Drone colpisce base con militari italiani in Kuwait: distrutto un «nostro» Predator da 30 milioni
Una mattina che riporta la tensione militare nel cuore del Golfo. La base di Ali Al Salem, in Kuwait, una delle infrastrutture operative della coalizione internazionale che ospita mezzi e personale americano ma anche militari italiani, è stata colpita da un attacco con drone.
Il velivolo senza pilota ha centrato un capannone della base dove era schierato un drone della Task force air italiana, distruggendolo.
Al momento dell’attacco tutto il personale era già stato messo in sicurezza e nessun militare è rimasto coinvolto. La notizia è stata confermata dallo Stato Maggiore della Difesa.
Il velivolo distrutto
Il mezzo colpito rappresentava uno degli assetti operativi più importanti del contingente italiano schierato nella regione. Si tratta di un MQ-9A «Predator», drone a medio-alta quota e lunga autonomia prodotto dalla società statunitense General Atomics.
Il valore stimato del velivolo è di circa 30 milioni di dollari, cifra che può superare i 35 milioni includendo sensori, sistemi di comunicazione e infrastrutture di controllo a terra.
Il drone è progettato per missioni di sorveglianza, ricognizione e raccolta di informazioni a sostegno della coalizione internazionale impegnata nel contrasto al gruppo jihadista Stato islamico.
Un assetto chiave per intelligence e sorveglianza
Il Predator rappresenta uno degli strumenti principali di intelligence, sorveglianza e ricognizione utilizzati dalle forze italiane nel teatro mediorientale.
Può operare a medio-alta quota per lunghi periodi, con un’autonomia che supera le 24 ore di volo continuativo e una quota operativa che raggiunge circa 15 mila metri.
Grazie ai sensori elettro-ottici e infrarossi di cui è dotato, il velivolo consente il monitoraggio costante del territorio, l’identificazione di obiettivi e la raccolta di dati di intelligence, fornendo informazioni in tempo reale ai comandi della coalizione e alle unità operative impegnate sul terreno.
Proprio per queste caratteristiche il drone distrutto rappresentava un assetto importante per la sorveglianza aerea nell’area ed era rimasto schierato nella base kuwaitiana anche dopo il parziale alleggerimento del dispositivo italiano deciso nei giorni scorsi per ragioni di sicurezza.
Le spiegazioni dello Stato Maggiore
Il capo di Stato maggiore della Difesa Luciano Portolano ha spiegato che il velivolo «costituiva un assetto indispensabile per lo svolgimento delle attività operative ed era rimasto schierato nella base al fine di garantire la continuità delle operazioni».
Portolano ha inoltre chiarito che «il dispositivo italiano della Task force air – ha aggiunto – era stato preventivamente alleggerito nei giorni scorsi, nell’ambito delle misure adottate in relazione all’evoluzione del quadro di sicurezza nell’area.

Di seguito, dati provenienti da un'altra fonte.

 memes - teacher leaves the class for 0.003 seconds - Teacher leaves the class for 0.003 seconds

Il personale rimasto nella base è impiegato per lo svolgimento delle attività essenziali della missione».
Il capo di Stato maggiore ha informato immediatamente il ministro della Difesa. «Dell’accaduto ho prontamente informato il ministro della Difesa Crosetto, col quale sono in costante contatto per l’aggiornamento continuo della situazione di tutti i nostri contingenti all’estero».

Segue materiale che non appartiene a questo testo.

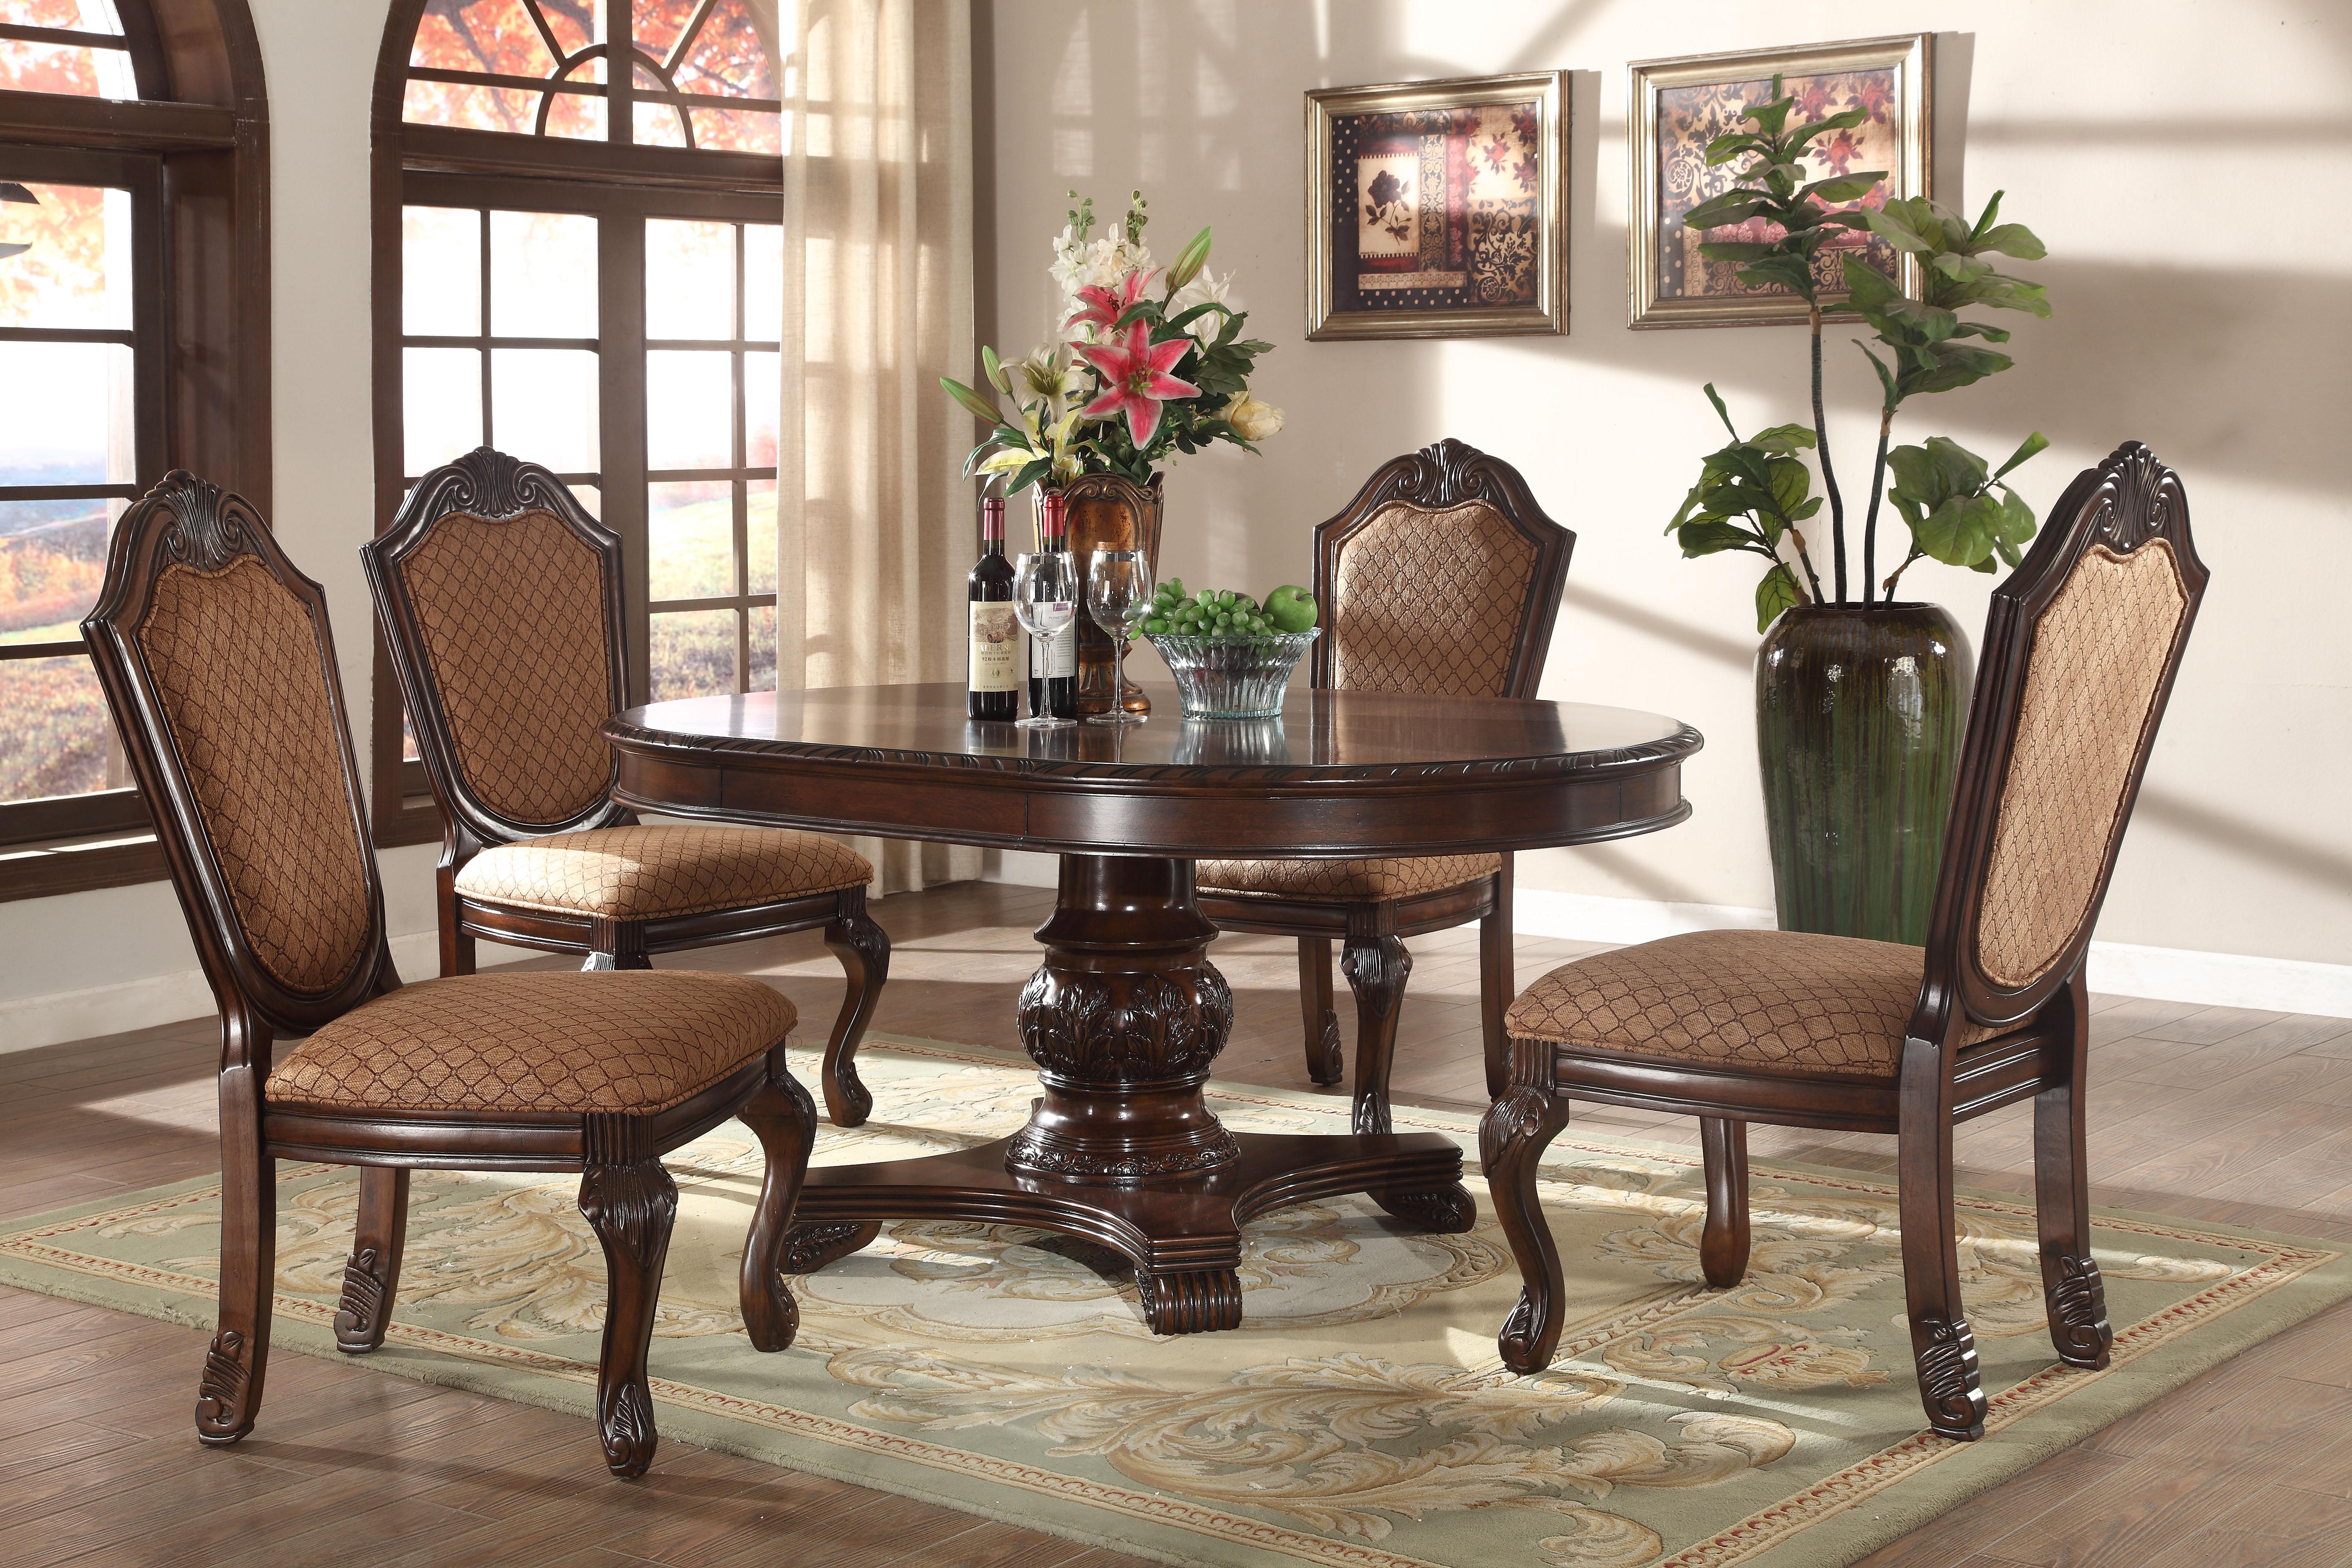 Traditional Dining Table Set D5002-5006 D5002-5006-Set-5 in Cherry PU

La situazione viene seguita anche dal Comando operativo di vertice interforze (Covi), che mantiene un contatto costante con i contingenti dispiegati nell’area.

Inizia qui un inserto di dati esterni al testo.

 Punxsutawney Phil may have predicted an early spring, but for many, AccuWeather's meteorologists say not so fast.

Il governo: missioni confermate
Dal governo arriva un messaggio di continuità operativa. «Non ci facciamo intimidire, le missioni italiane continuano». Lo ha detto il ministro degli Esteri Antonio Tajani intervenendo al Tg4 Diario della domenica commentando l’attacco alla base dove operano anche militari italiani.
Il ministro ha spiegato che nelle basi italiane della regione è in corso una riduzione del personale: «Stiamo riducendo il personale» nelle basi italiane nella regione, «dobbiamo mettere al sicuro il maggior numero di uomini tenendo fede agli impegni internazionali».
Informata anche l’opposizione
Dopo l’attacco sono stati informati anche i leader dell’opposizione. Il ministro della Difesa Guido Crosetto li ha avvertiti per le vie brevi dell’attacco con drone alla base di Ali Al Salem.
La struttura kuwaitiana rappresenta uno dei principali hub operativi della coalizione internazionale nel Golfo e ospita assetti aerei statunitensi e alleati impiegati nelle attività di sicurezza regionale e nelle operazioni contro le reti jihadiste attive tra Iraq e Siria.